The researchers Buhrman and Cleve discovered that, despite initial doubts, tweaking bits in a certain way could harness additional computational power from a full memory. This surprising development was described as a “shocker” by Loff, a former graduate student in Buhrman’s group, who was involved in this research with fellow student Florian Speelman. Their findings were later extended to a broader range of problems, and they published their combined results in 2014.
They introduced a new framework called catalytic computing, drawing a parallel to chemistry, where a catalyst enables a reaction without undergoing any change itself. Complexity theorist Raghunath Tewari from the Indian Institute of Technology, Kanpur, compared this to the role of a catalyst in a chemical process.
While catalytic computing continued being developed by a small group of scientists, it wasn’t applied to the tree evaluation problem, which had been a significant concern for Koucký. The pivotal question remained whether a minimal amount of memory could be used for both storage and computation. Catalytic computing techniques required substantial additional memory, rendering them ineffective when memory was reduced.
A young researcher named James Cook, who had a personal connection to the tree evaluation problem through his father, Stephen Cook, a renowned complexity theorist, pondered if catalytic computing could somehow address the issue. James Cook, then making a transition to software engineering, continued exploring catalytic computing outside his professional obligations. He shared his progress at a 2019 symposium honoring his father’s work in complexity theory, where Ian Mertz, a graduate student, expressed keen interest in catalytic computing.

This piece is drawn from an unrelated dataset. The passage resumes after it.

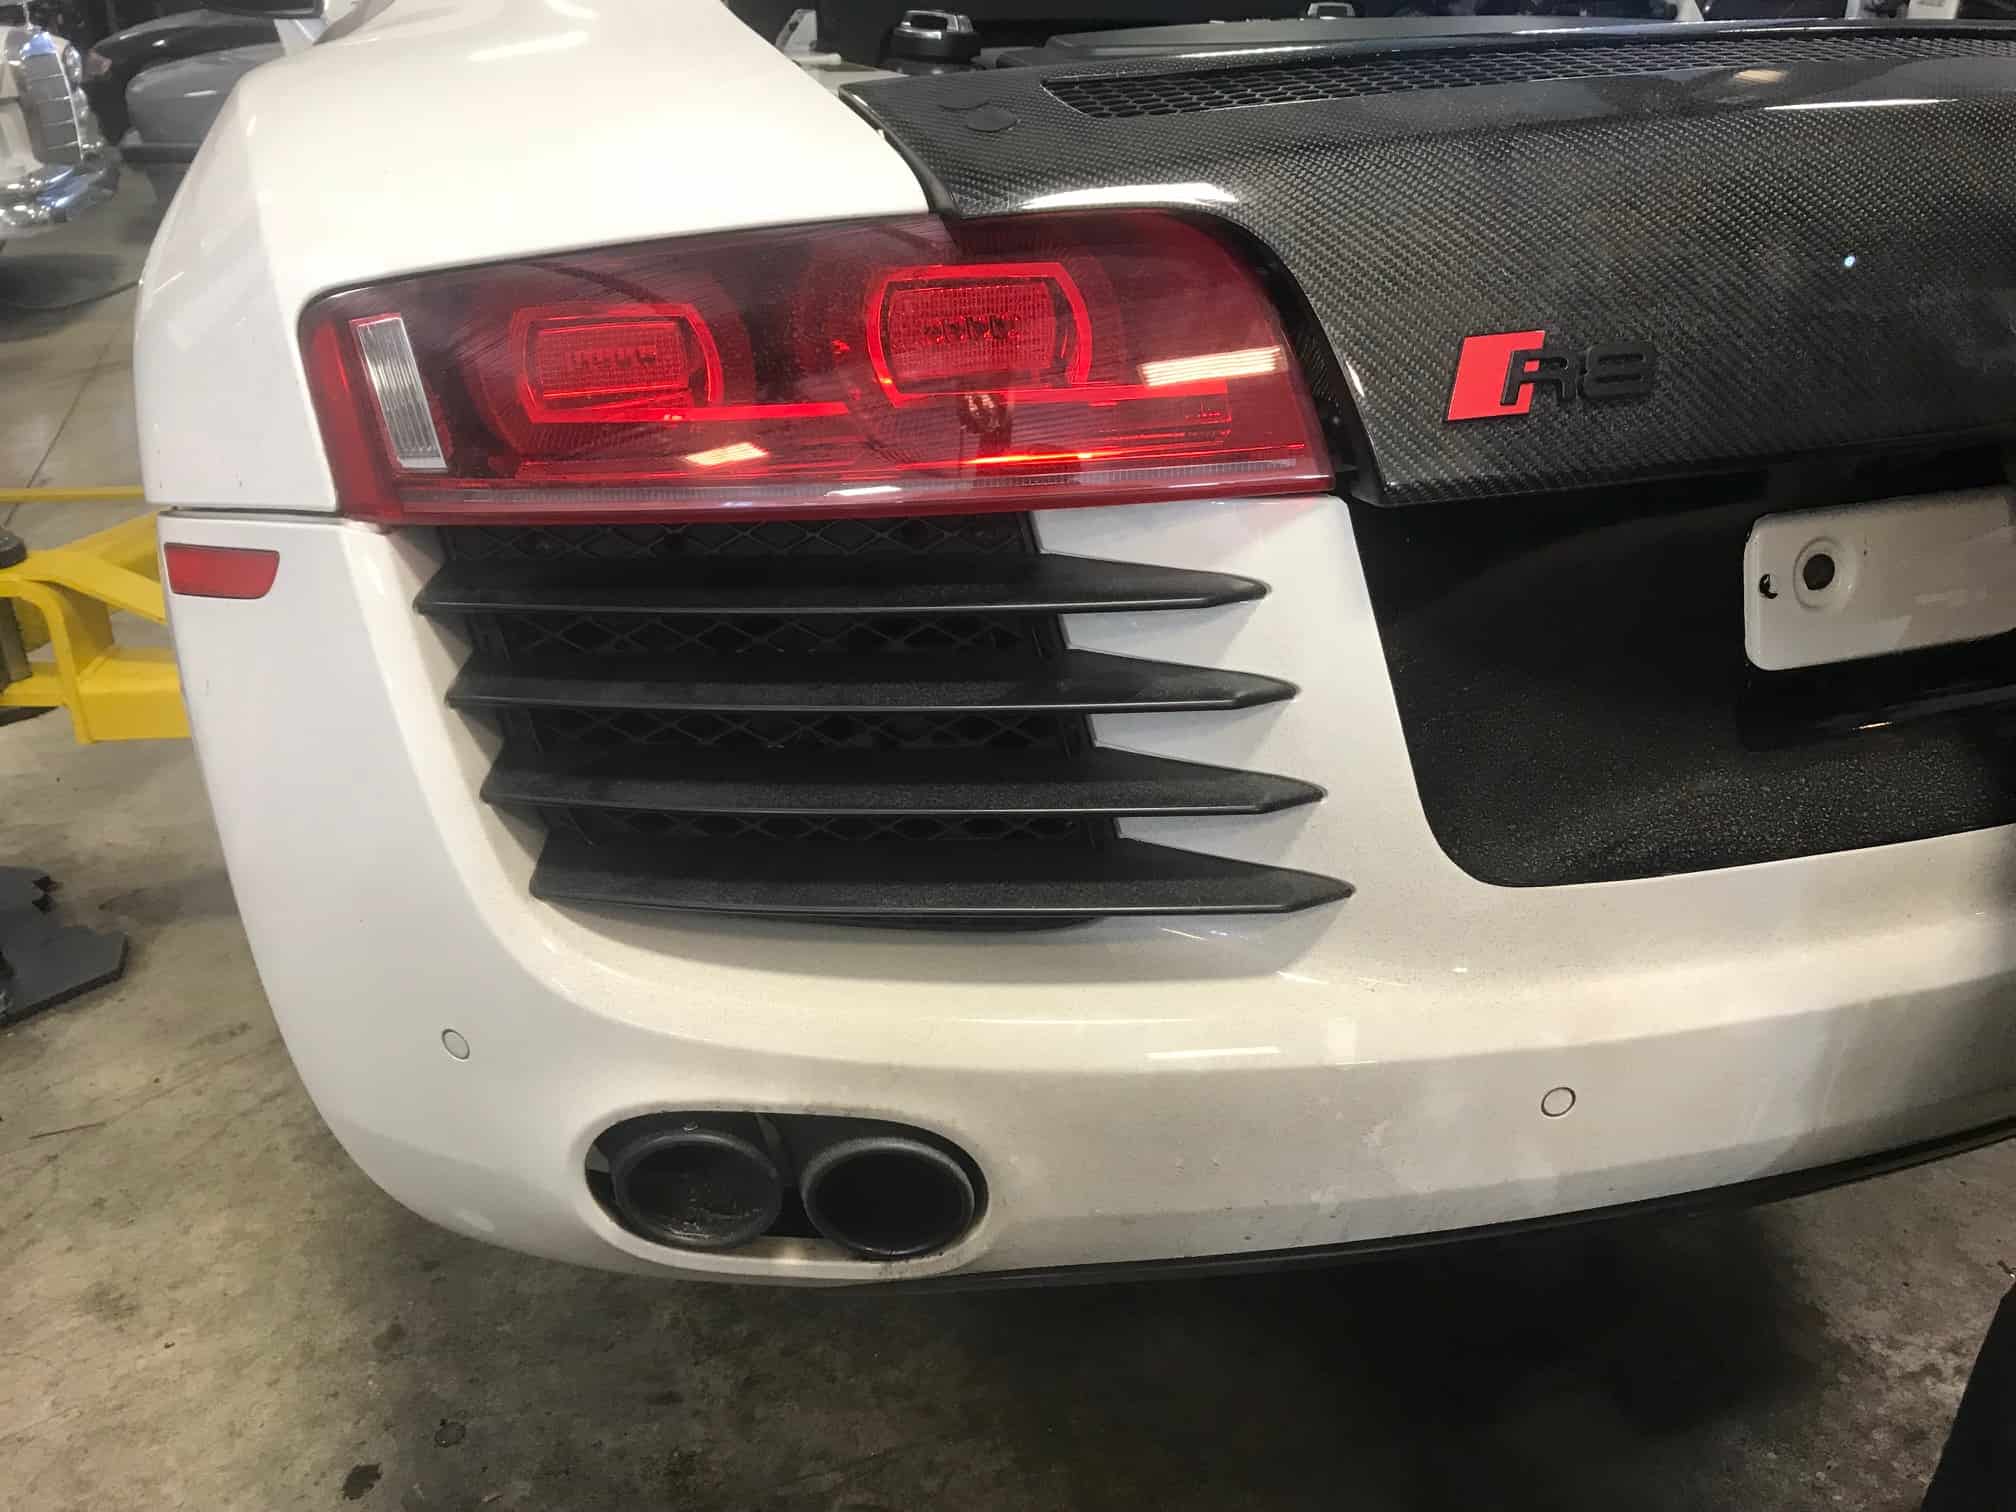 Audi R8 Exhaust Replaced back to Stock (25) | Car Repair, & Performance

Cook and Mertz collaborated, and in 2020, they developed an algorithm capable of solving the tree evaluation problem with less memory than anticipated by Stephen Cook and McKenzie—though the reduction was slight. Nonetheless, this breakthrough allowed them to win a $100 bet, with part of the winnings remaining within the Cook family.

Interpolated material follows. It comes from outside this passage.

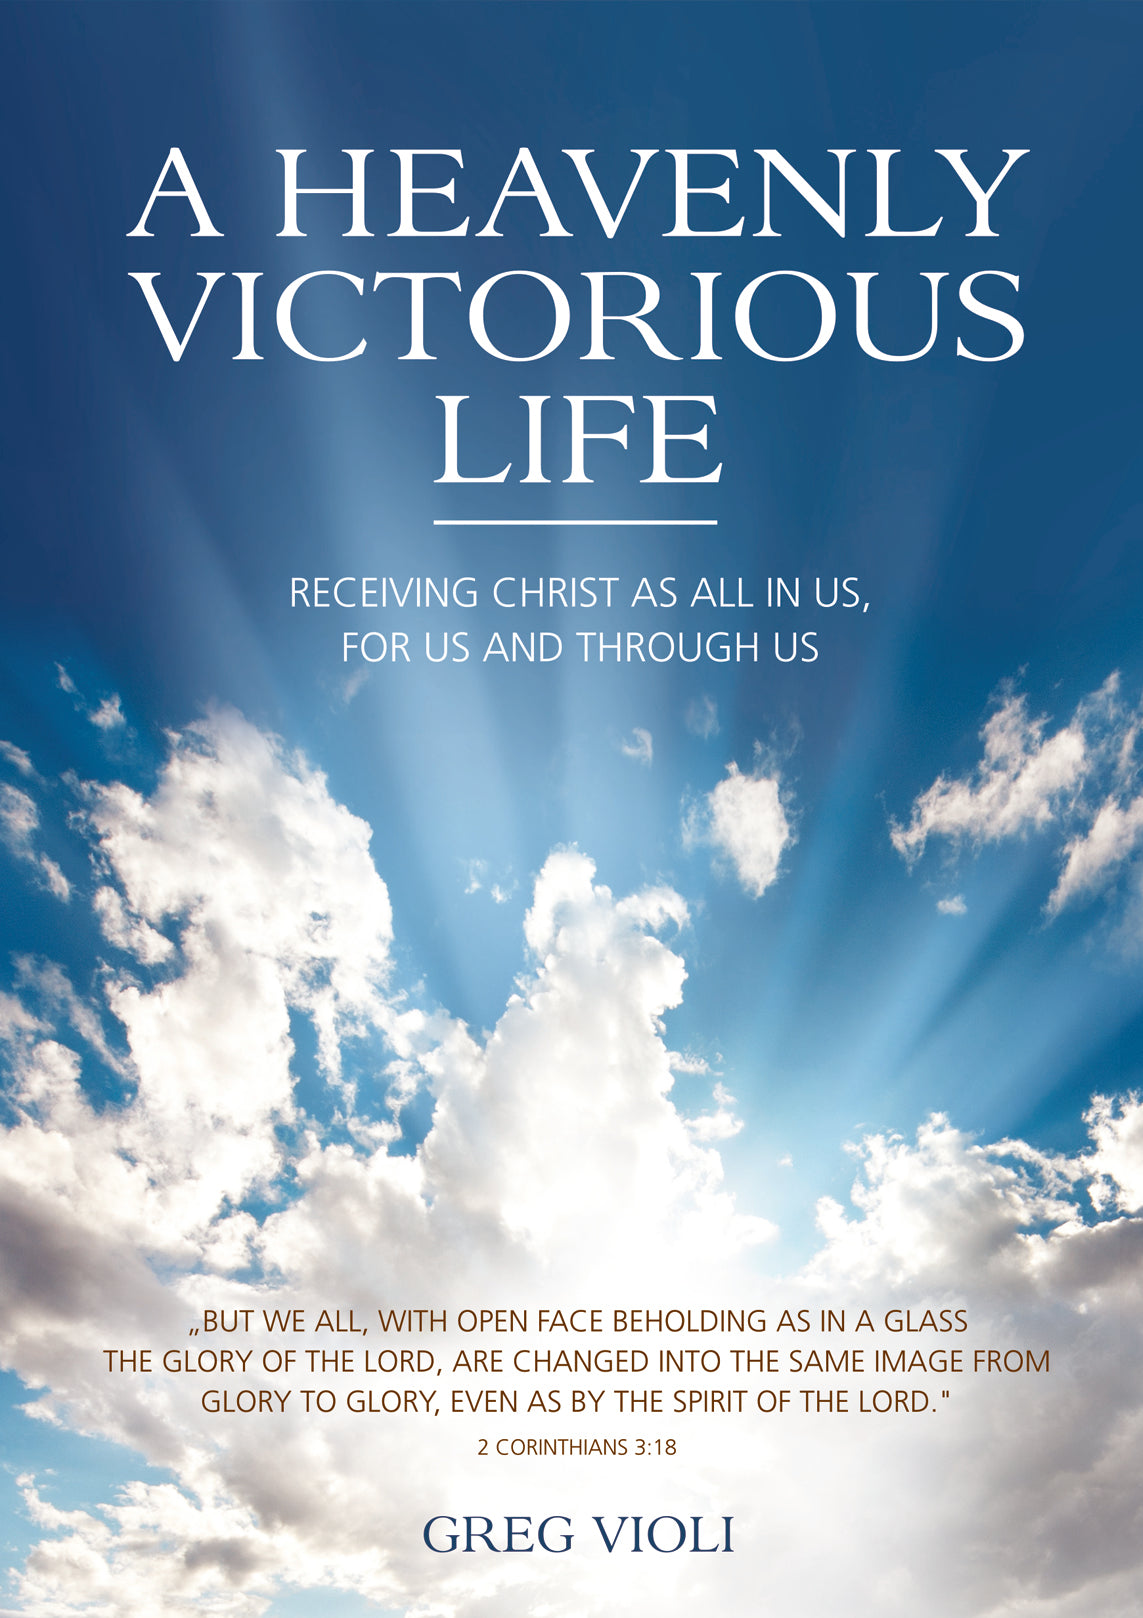 A Heavenly Victorious Life

Despite their successful algorithm, the tree evaluation problem had attracted attention because it seemed to represent a problem in P that wasn’t in L (solvable easily but not with minimal memory). Although Cook and Mertz’s solution used less memory than any other existing algorithm for tree evaluation, it still required more memory than algorithms for problems classified as L. The final challenge persisted.
In 2023, Cook and Mertz released an improved algorithm using significantly less memory, nearing the limit allowed for problems in L. This led many researchers to suspect that tree evaluation might indeed belong to the class L, with a proof a likely future development. This will necessitate alternative approaches to the P versus L conundrum among complexity theorists.
Cook and Mertz’s advancement spurred renewed interest in catalytic computing, leading to further studies exploring its connections to randomness and the effects of permitting certain errors when resetting the full memory to its original state. McKenzie remarked on the unresolved potential of these new techniques, indicating that more breakthroughs could be on the horizon.